The calculation method as described in claim 9, wherein: the step of modifying the combination of the plurality of most significant portions of the plurality of modified mantissas comprises the following steps: at least partially rounding the most significant portion of each of the plurality of modified mantissas according to the corresponding remainder to produce the truncated mantissa; and the step of combining the plurality of most significant portions of the plurality of modified mantissas comprises the following step: combining the plurality of truncated mantissas.

The calculation method described in claim 11, wherein the rounding step comprises the following steps: rounding the most significant portion of each of the stored plurality of modified mantissas, at least in part based on the most significant bit of the corresponding remaining portion.

The calculation method described in claim 12, wherein the rounding step comprises the following steps: generating a sum of the most significant portion of each of the stored plurality of modified mantissas and the most significant bits of the corresponding remaining portion.

The calculation method as described in claim 9, wherein the step of providing the plurality of mantissas in the memory device comprises the following steps: storing a first set of factors in a memory array, and multiplying each of a second set of factors by a corresponding factor in the first set of factors using a multiplication circuit to produce a corresponding one of the plurality of mantissas.

The calculation method as described in claim 9, wherein the step of modifying at least one of the stored mantissas comprises the following steps: shifting at least one of the stored mantissas by a number of bits, at least in part, based on a difference between the index of the at least one of the stored mantissas and the index of the other of the stored mantissas.

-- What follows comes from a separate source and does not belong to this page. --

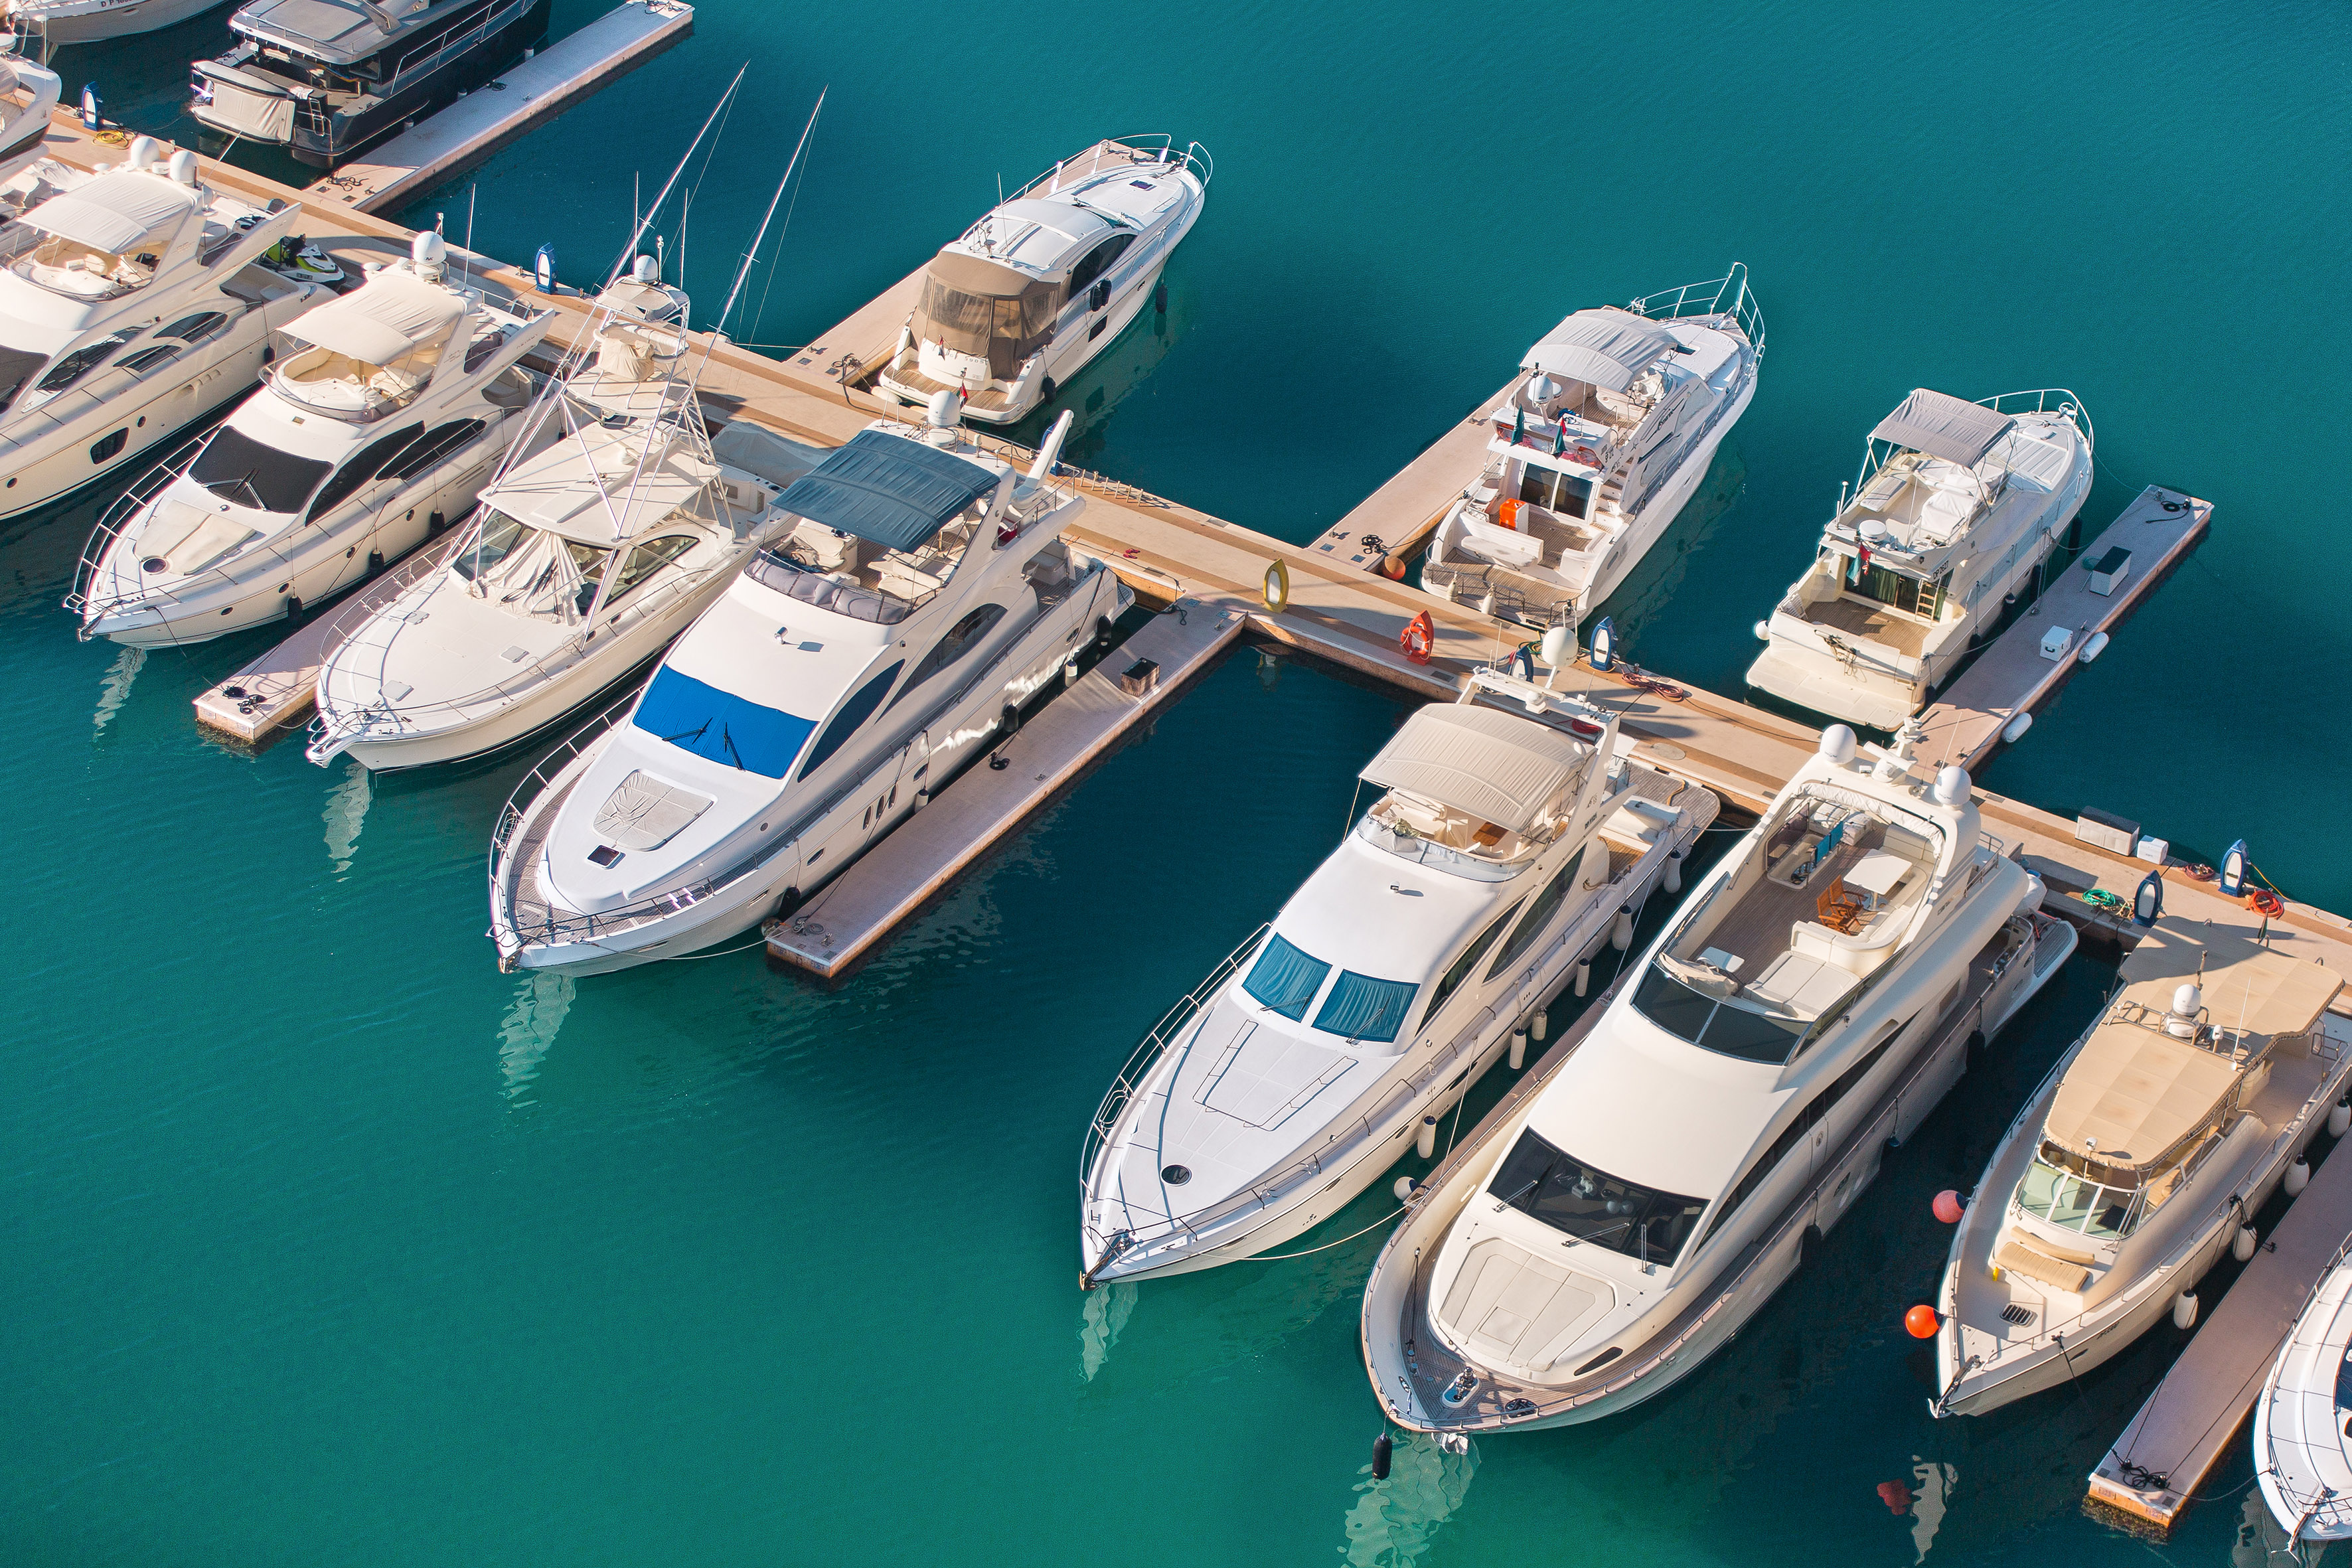 "دبي الملاحية" تتيح خدمة "الاستخدام المؤقت للأرصفة" لكافة القوارب واليخوت المحلية الزائرة في مراسي الإمارة

A computing apparatus includes: one or more first digital circuits for receiving a plurality of digital input signals, the plurality of digital input signals indicating a plurality of input digits corresponding to a base; each of the one or more first digital circuits is configured to receive one or more of the plurality of digital input signals and modify each of the one or more of the plurality of digital input signals to generate a corresponding output signal indicating an output digit, the output digit being the input digit multiplied by an integer power of the base; One or more second digital circuits are configured to, at least in part, round the most significant portion of a preset element of each output digit from the one or more first digital circuits based on a remainder of the output digit, to generate an output signal indicating the remainder after rounding the most significant portion without a corresponding value; an accumulator is configured to combine the plurality of output signals from the one or more second digital circuits.

The computing apparatus as described in claim 16, wherein each of the one or more second logic circuits includes an adder for receiving from the one or more first digital circuits the most significant portion of a corresponding output digit and the most significant bit of a corresponding remaining portion of the output digit, and generating an output indicating the sum of the received most significant portion of the received output digit and the most significant bit of the received remaining portion of the output digit.

The computing apparatus as described in claim 17, wherein each of the one or more first digital circuits includes a register circuit for storing one of the plurality of input digits, receiving a shift signal indicating an integer, and shifting the input digits to correspond to a number of bits of the shift signal.

The computing apparatus as described in claim 18 further includes a multiplication circuit for multiplying each of a first set of factors by at least one of a second set of factors to produce a corresponding one of the plurality of input digits.

The computing apparatus as described in claim 18 further includes a digital circuit for selecting a maximum integer from a plurality of integers and outputting a difference between each of the plurality of integers and the maximum integer, wherein each integer indicated by a corresponding shift signal corresponds to the difference between each of the plurality of integers and the maximum integer.